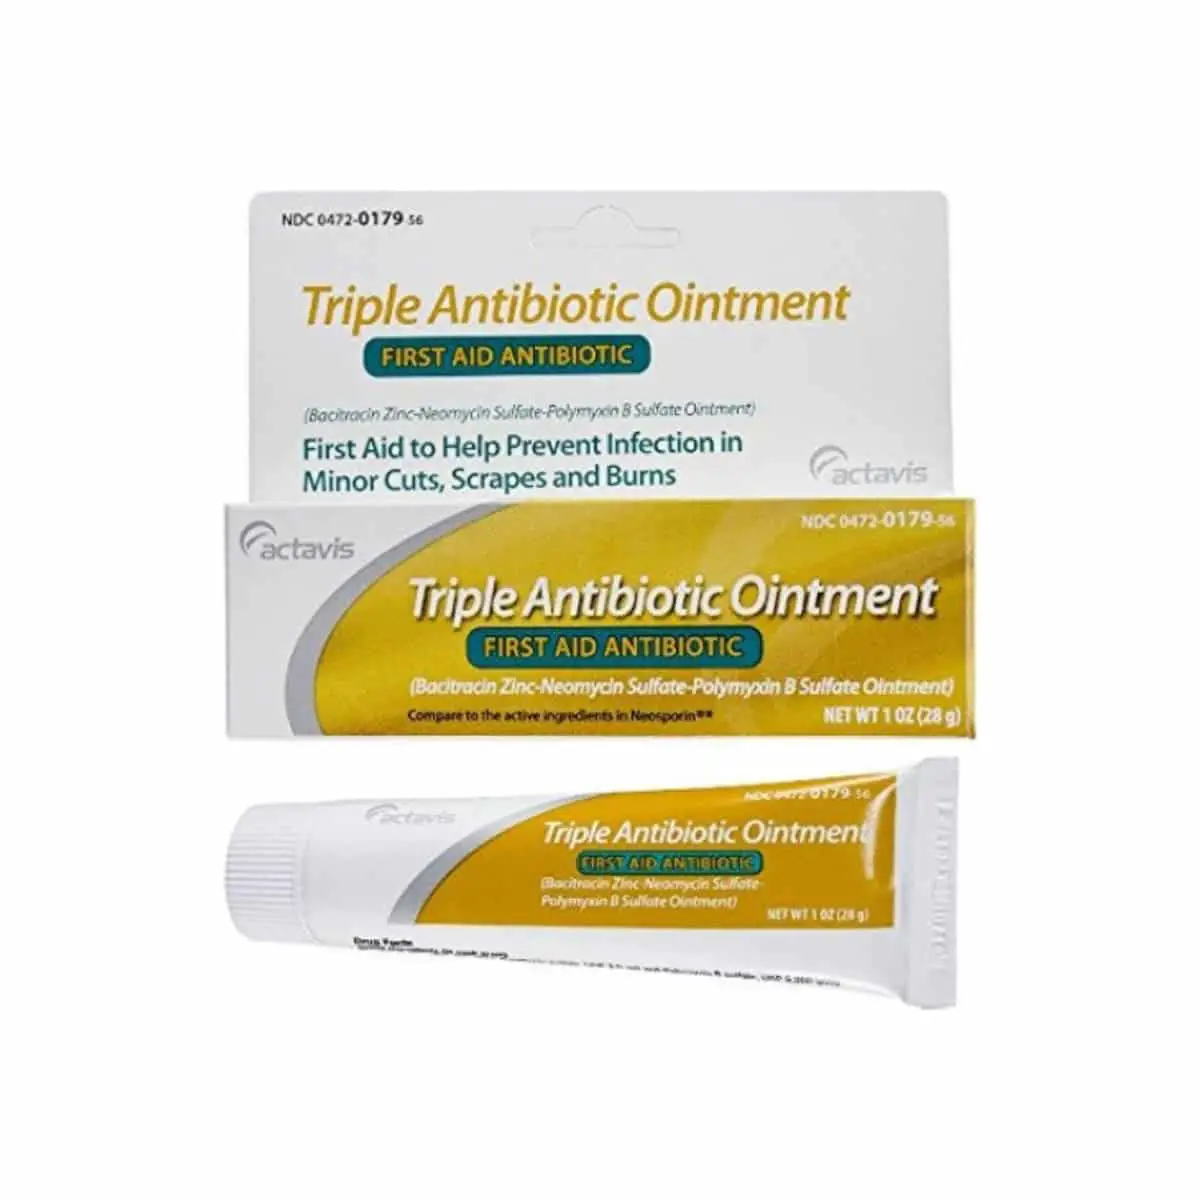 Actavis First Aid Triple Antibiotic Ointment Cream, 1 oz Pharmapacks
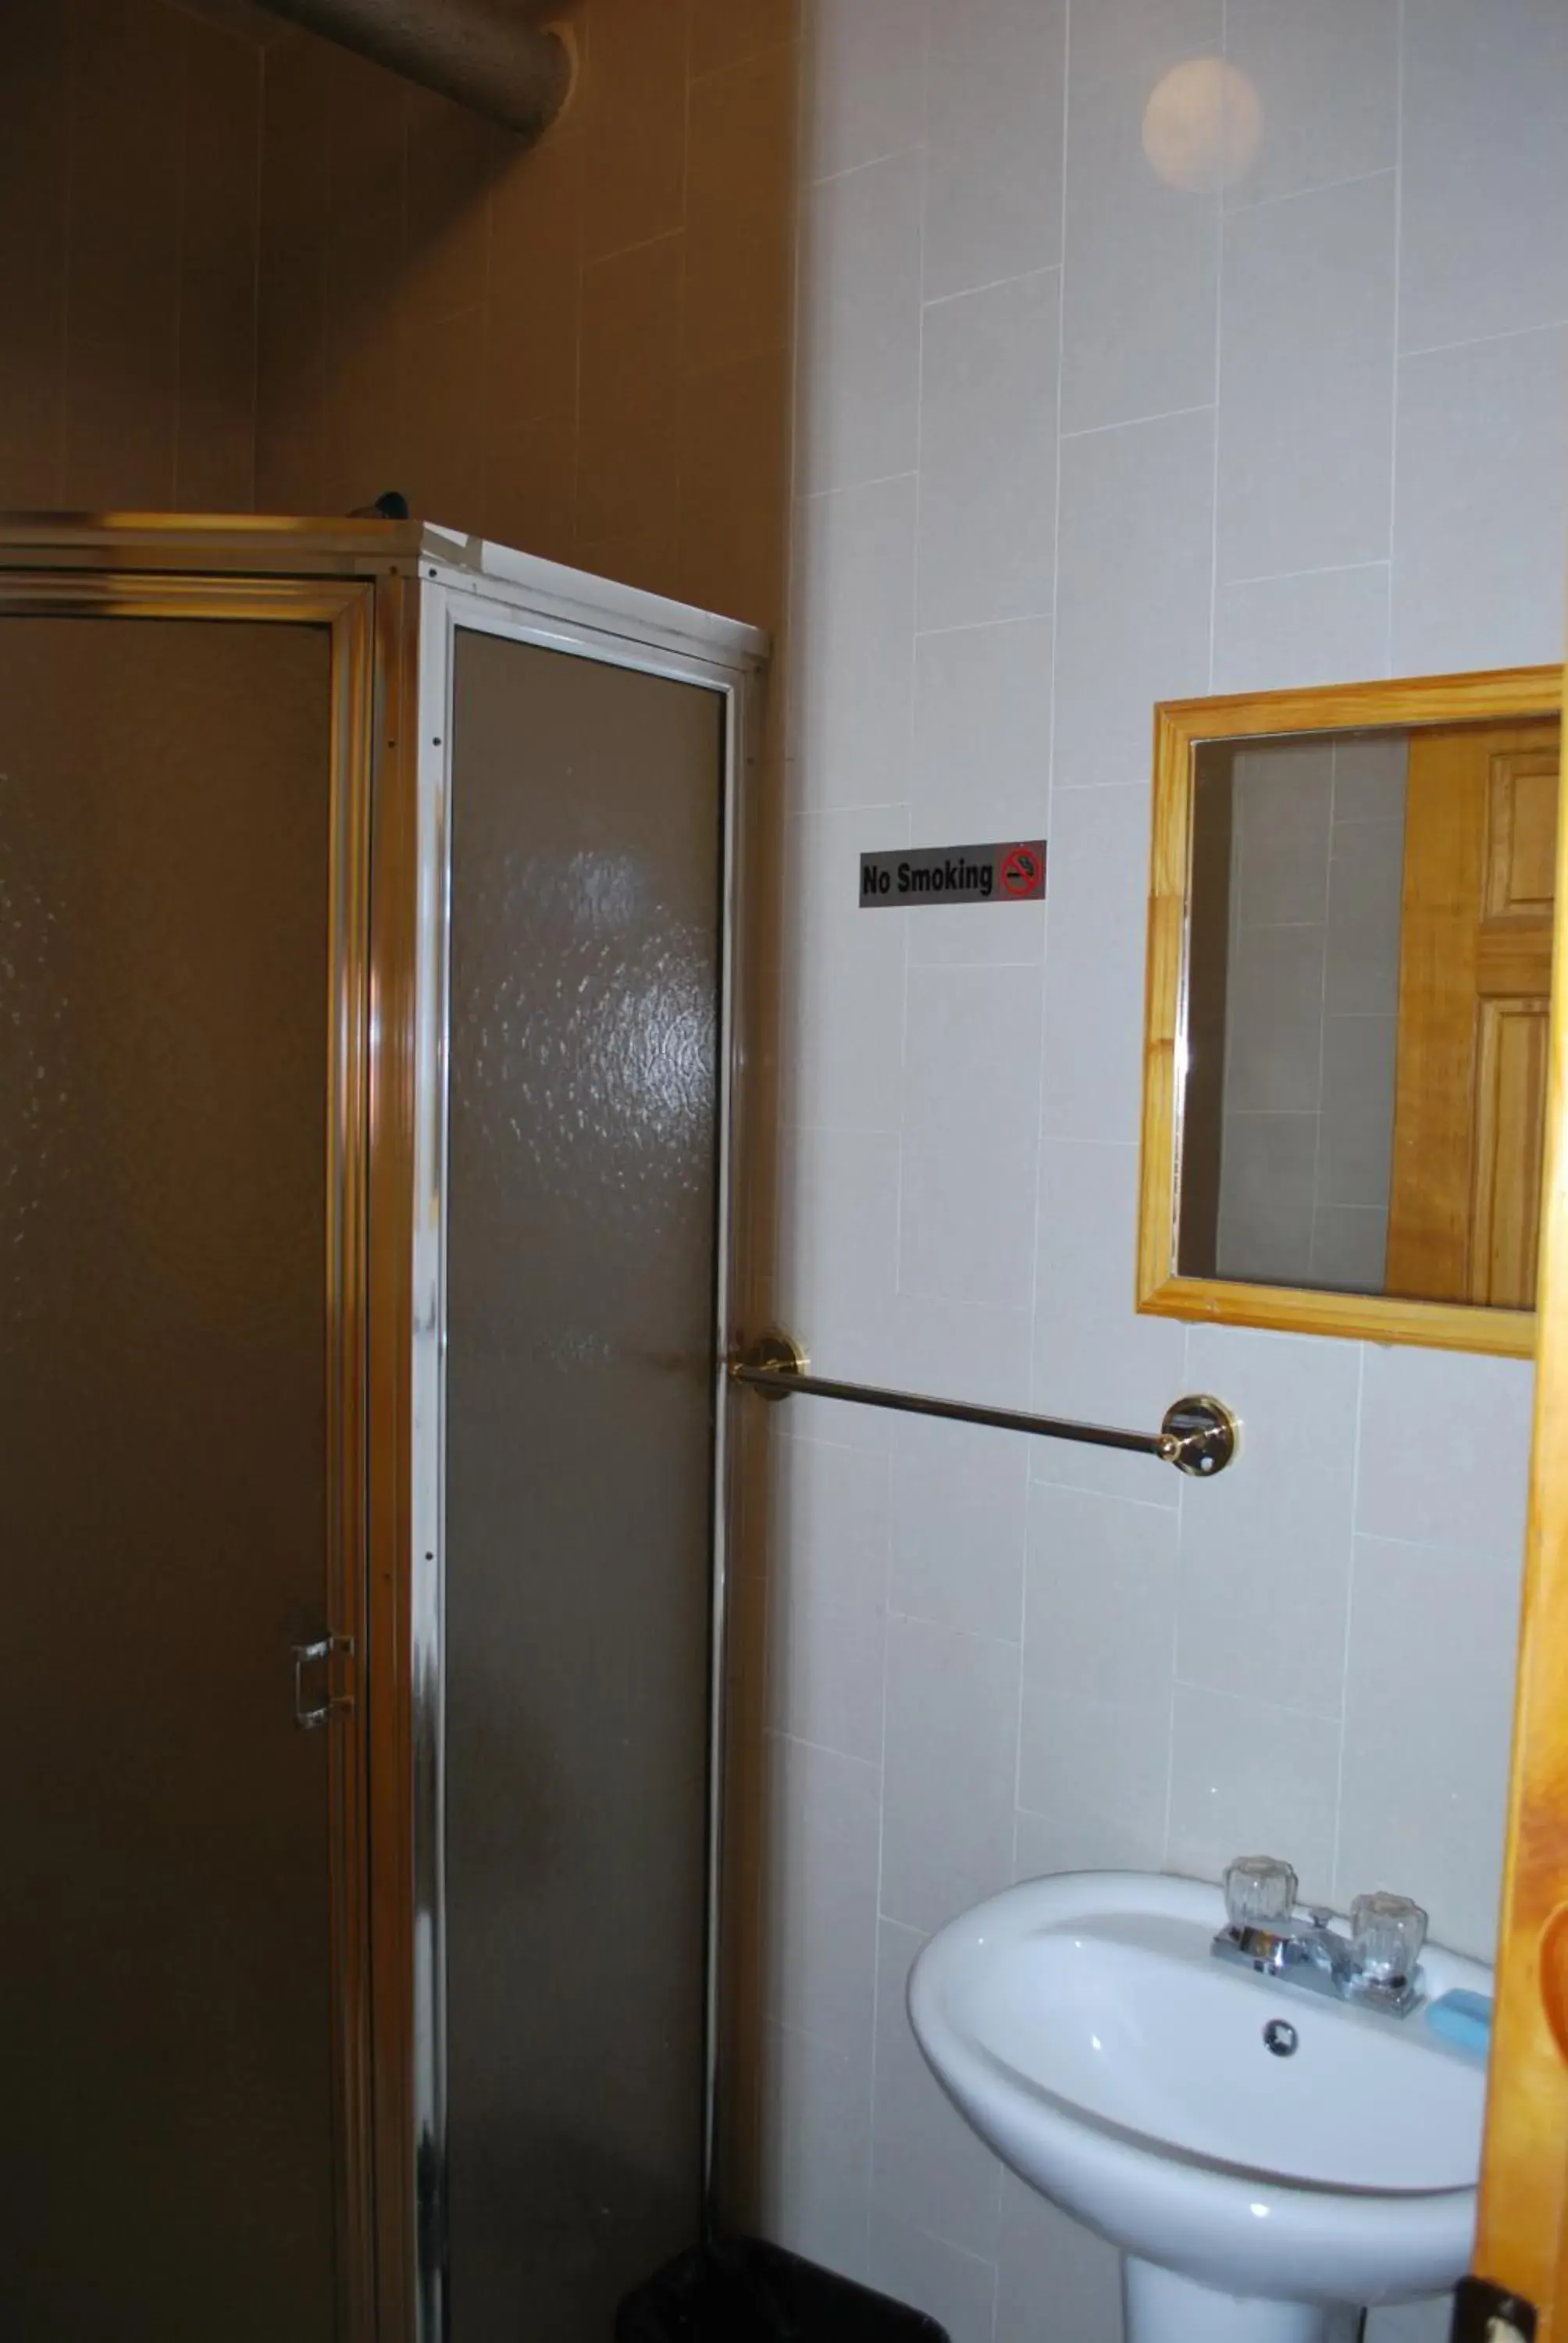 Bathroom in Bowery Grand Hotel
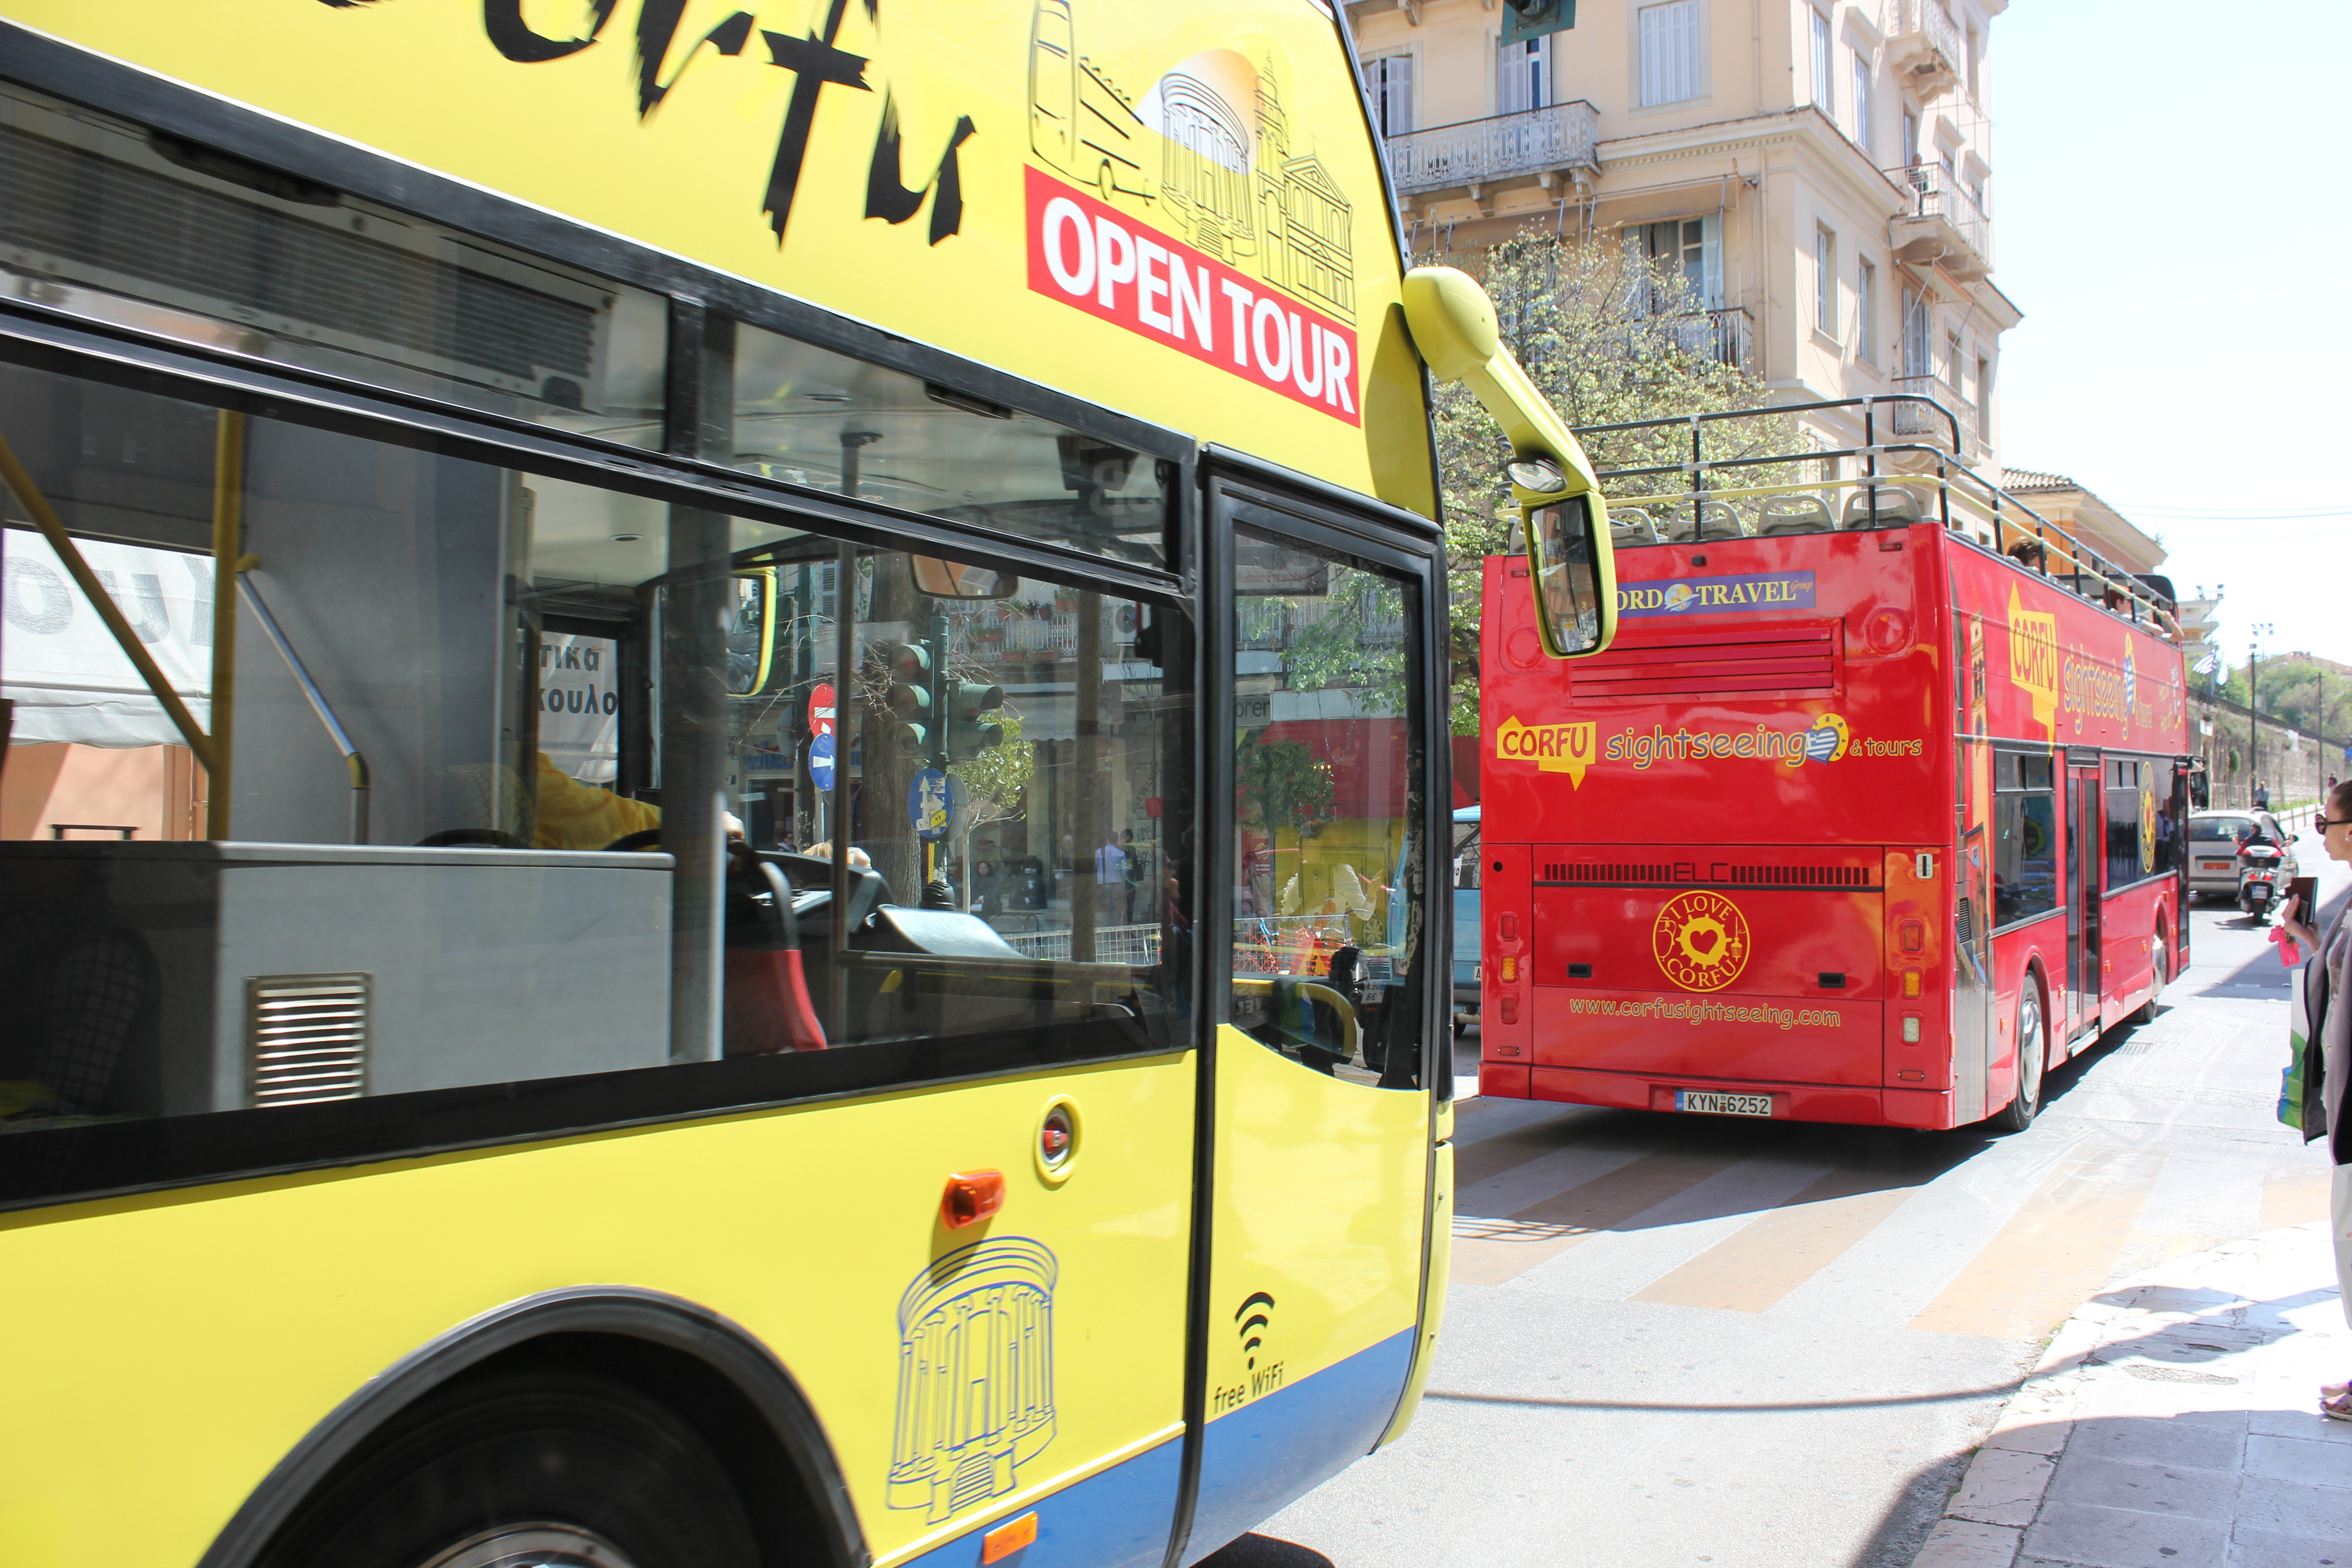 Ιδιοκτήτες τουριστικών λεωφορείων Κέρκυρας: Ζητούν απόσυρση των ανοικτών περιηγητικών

####################

▶ Work to be completed
Only the pictures are to be left out; repeat all other material exactly.

▶ Solution below
 Actavis First Aid Triple Antibiotic Ointment Cream, 1 oz Pharmapacks
 Bathroom in Bowery Grand Hotel
 Ιδιοκτήτες τουριστικών λεωφορείων Κέρκυρας: Ζητούν απόσυρση των ανοικτών περιηγητικών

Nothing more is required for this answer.